Dana Dominguez, a co-head of the festival performance committee, said this year's lineup is very special. While there will be artists who have taken the stage in the past — including the all-woman world band Kol Shira and Mexican, Apache, and Spanish musician Kelly Montijo Fink — there will also be first-timers. One of these new acts is singer, speaker, and "raptivist" Aisha Fukushima of San Francisco.

"I am particularly excited about that performance," Dominguez said. "She will be bringing a loop machine in which the sounds of the audience will be recorded and looped into her performance, making it unique to the University of Iowa."
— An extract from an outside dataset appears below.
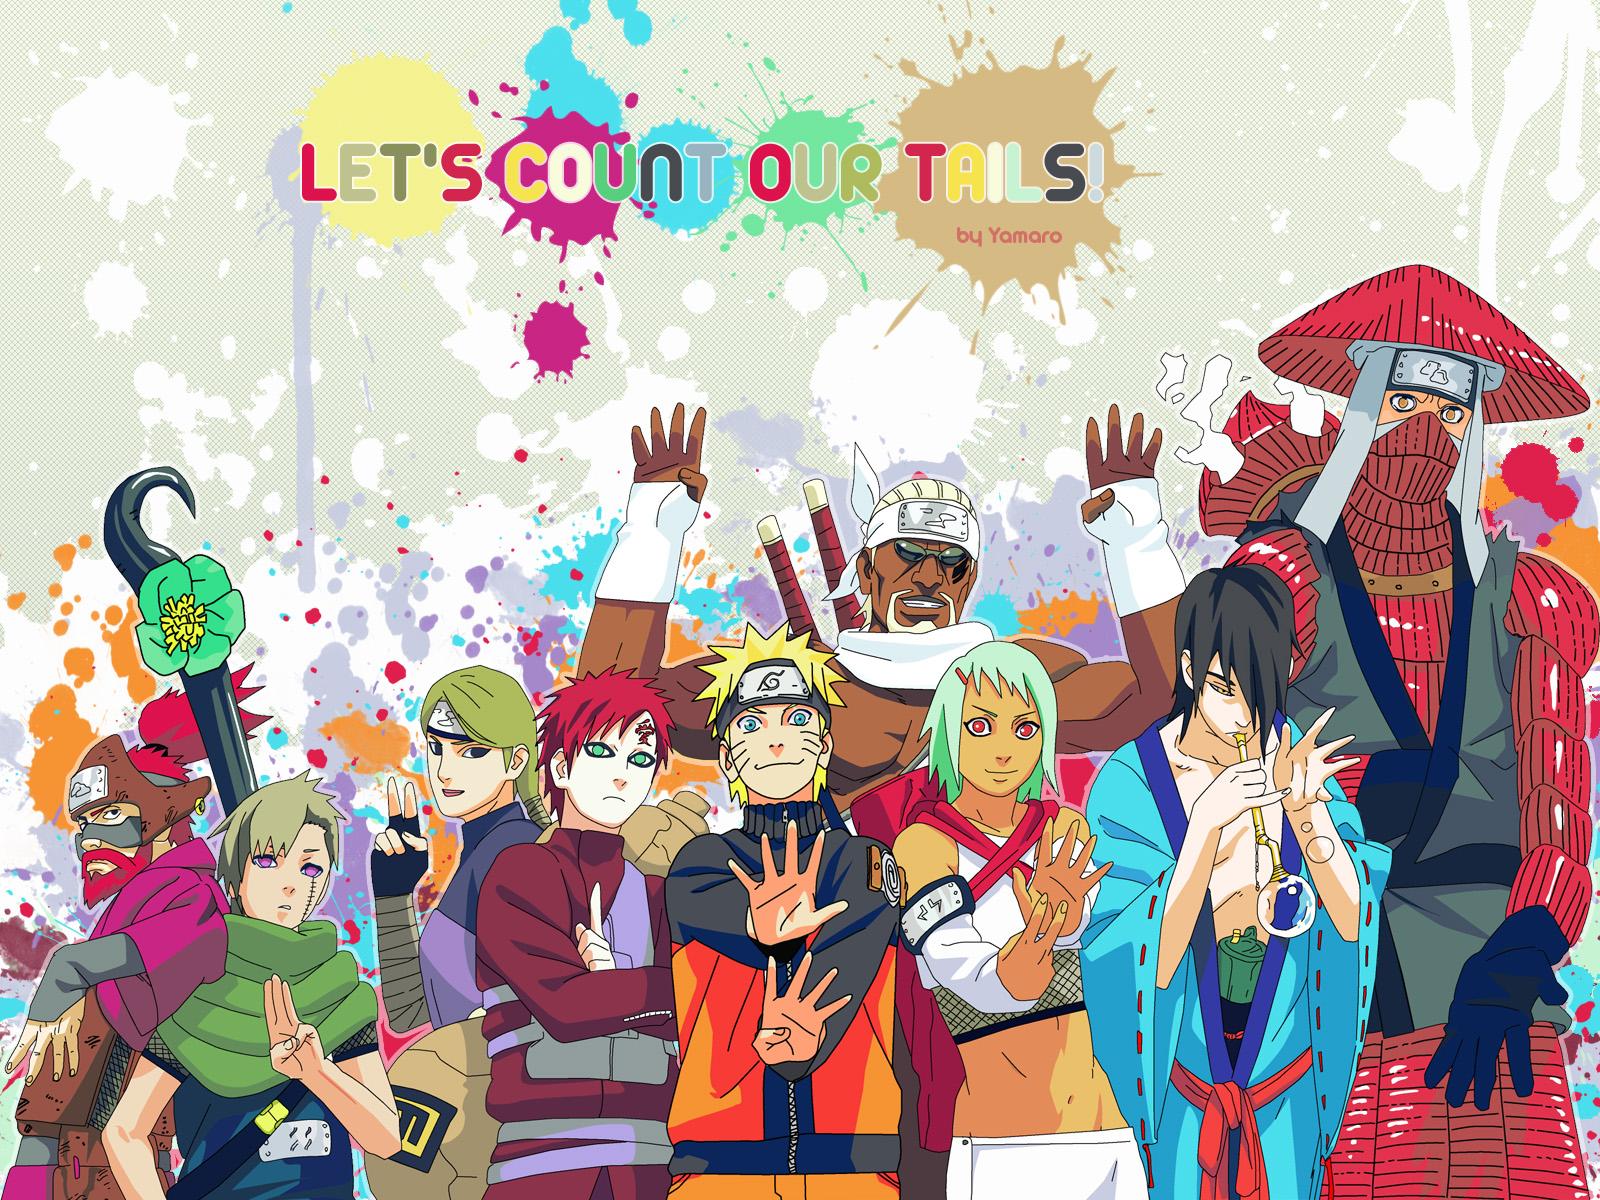 jinchuuriki - naruto - wallpaper #991206 - zerochan anime image board

Live entertainment isn't the only thing festival-goers can expect. The festival will kick off at 11 a.m. with the Carnaval Parade, a colorful Caribbean event featuring aspects of European, African, and South American art. There will also be food from numerous vendors, including famous local chef Wanda Daniel.

Kendra Malone, a co-head of the festival executive planning committee, said the Faculty Senate, Staff Council, and the UISG have provided funds for the first 100 UI faculty and staff members and the first 300 students who attend to receive $5 worth of tickets to purchase food from vendors.

The event itself isn't just for students and faculty. Families with young children are encouraged to attend the Celebrating Cultural Diversity Festival, because there will be contests and activities specifically for them.

"The youth of our community are the leaders of our future," Dominguez said. "Introducing them to the beauty of diversity at an early age is key to teaching them the value of celebrating difference."
Deandrea Leigh Watkins, a Stem multicultural specialist, who hasn't attended the festival before, said she most looks forward to the family aspect of it. She will work on the family zone committee for the festival.

"There will be lots of family-friendly activities," Watkins said. "We will have cultural games, we'll be painting maracas, and making Mardi Gras masks."

The committee guarantees a fun time for free. However, that isn't the main point of the festival. Dominguez said the festival is a way to celebrate how the UI has long been a leader of the pack when it comes to diversity and inclusion.

"We are truly fortunate to experience so many different cultures represented in our daily lives," Dominguez said. "Experiencing the festival is one of those moments when you look around and think, 'It's great to be a Hawkeye.' "


Celebrating Cultural Diversity Festival
When: Noon Oct. 5; Carnaval Parade starts at 11 a.m.